[ovs-dev,v2,1/8] netlink: provide network namespace id from a msg.

Message ID 20171109173107.26256-2-fbl@redhat.com
State Changes Requested
Headers show
Series
  • Add minimum network namespace support.
Related show

Commit Message

Flavio Leitner Nov. 9, 2017, 5:31 p.m.
The netlink notification's ancillary data contains the network
namespace id (netnsid) needed to identify the device correctly.
(ifindex and netnsid).

Signed-off-by: Flavio Leitner <fbl@redhat.com>
---

ChangeLog:
* V2
  - report and close unexpected file descriptors.


 configure.ac           |   3 +-
 lib/automake.mk        |   1 +
 lib/dpif-netlink.c     |   6 +--
 lib/netdev-linux.c     |   2 +-
 lib/netlink-notifier.c |   2 +-
 lib/netlink-socket.c   |  53 +++++++++++++++++++---
 lib/netlink-socket.h   |   4 +-
 lib/netns.h            | 119 +++++++++++++++++++++++++++++++++++++++++++++++++
 utilities/nlmon.c      |   2 +-
 9 files changed, 178 insertions(+), 14 deletions(-)
 create mode 100644 lib/netns.h

Comments

Ben Pfaff Dec. 1, 2017, 9:14 p.m. | #1
On Thu, Nov 09, 2017 at 03:31:00PM -0200, Flavio Leitner wrote:
> The netlink notification's ancillary data contains the network
> namespace id (netnsid) needed to identify the device correctly.
> (ifindex and netnsid).
> 
> Signed-off-by: Flavio Leitner <fbl@redhat.com>
> ---
> 
> ChangeLog:
> * V2
>   - report and close unexpected file descriptors.

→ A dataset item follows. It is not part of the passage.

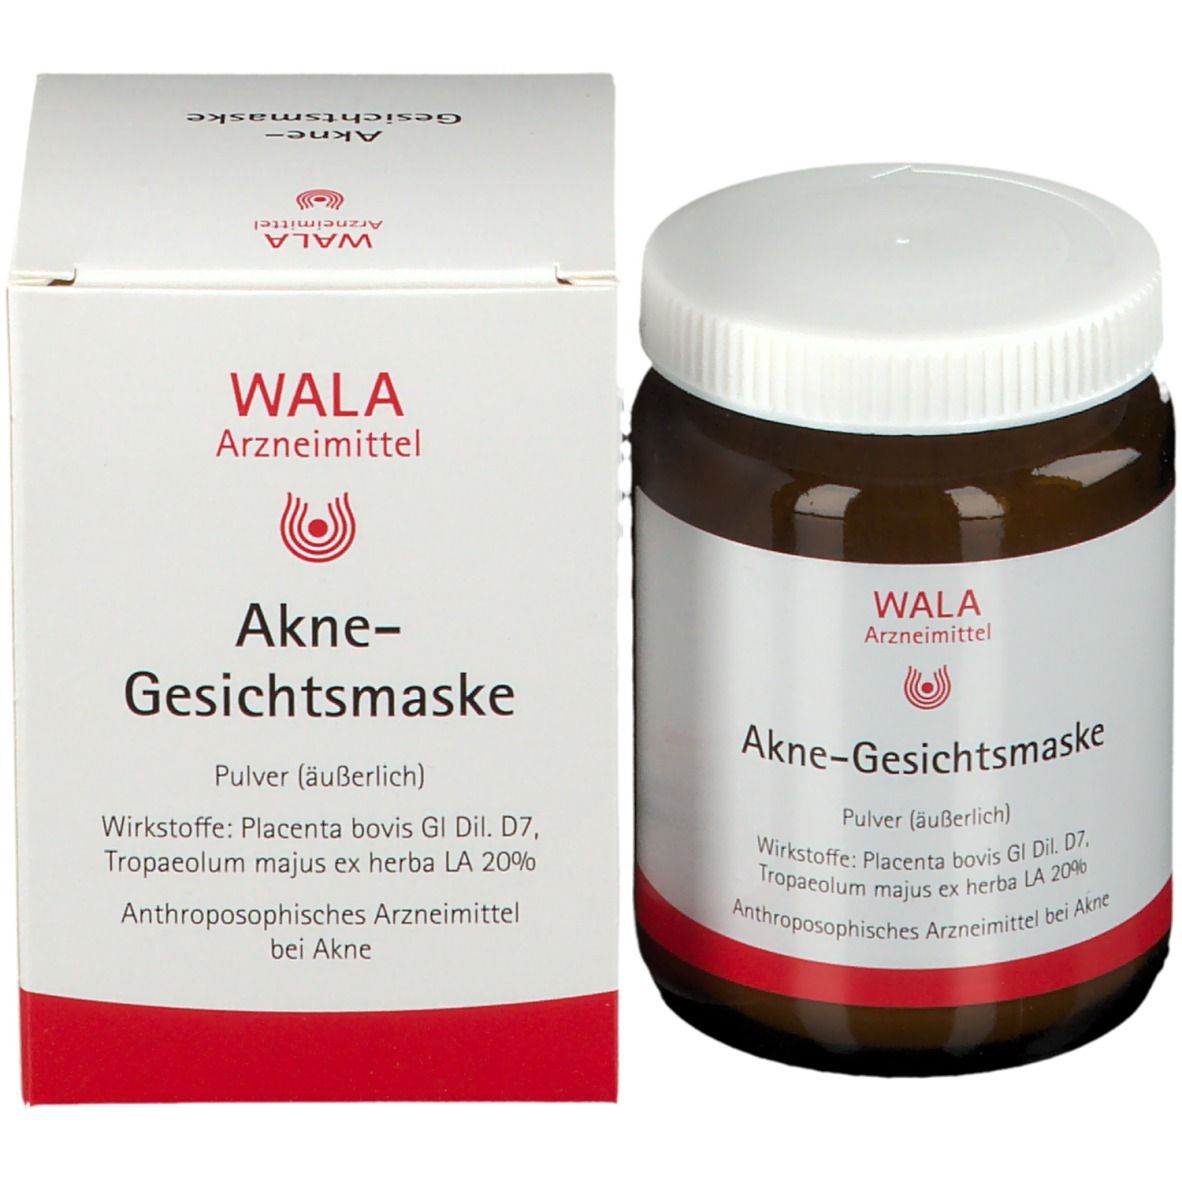 WALA® Akne-Gesichtsmaske

Thanks for working on improving OVS support for network namespaces.
This work is long overdue (Jiri talked about it over two years ago at
ovscon) and I am happy to see progress.

netns.h uses a struct to represent a network namespace.  I am not sure
yet whether that is necessary.  It seems like a network namespace is a
lot like a process ID: I think that only 0...INT_MAX is actually used.
If so, then I believe that we could use just an "int", with -1 and -2 to
represent the "local" and "invalid" values.  Then, wouldn't many of the
operations be simply natural C operators?  I admit that I don't
understand the special cases for NETNS_INVALID; maybe the code should
document the intended semantics for NETNS_INVALID in the comments.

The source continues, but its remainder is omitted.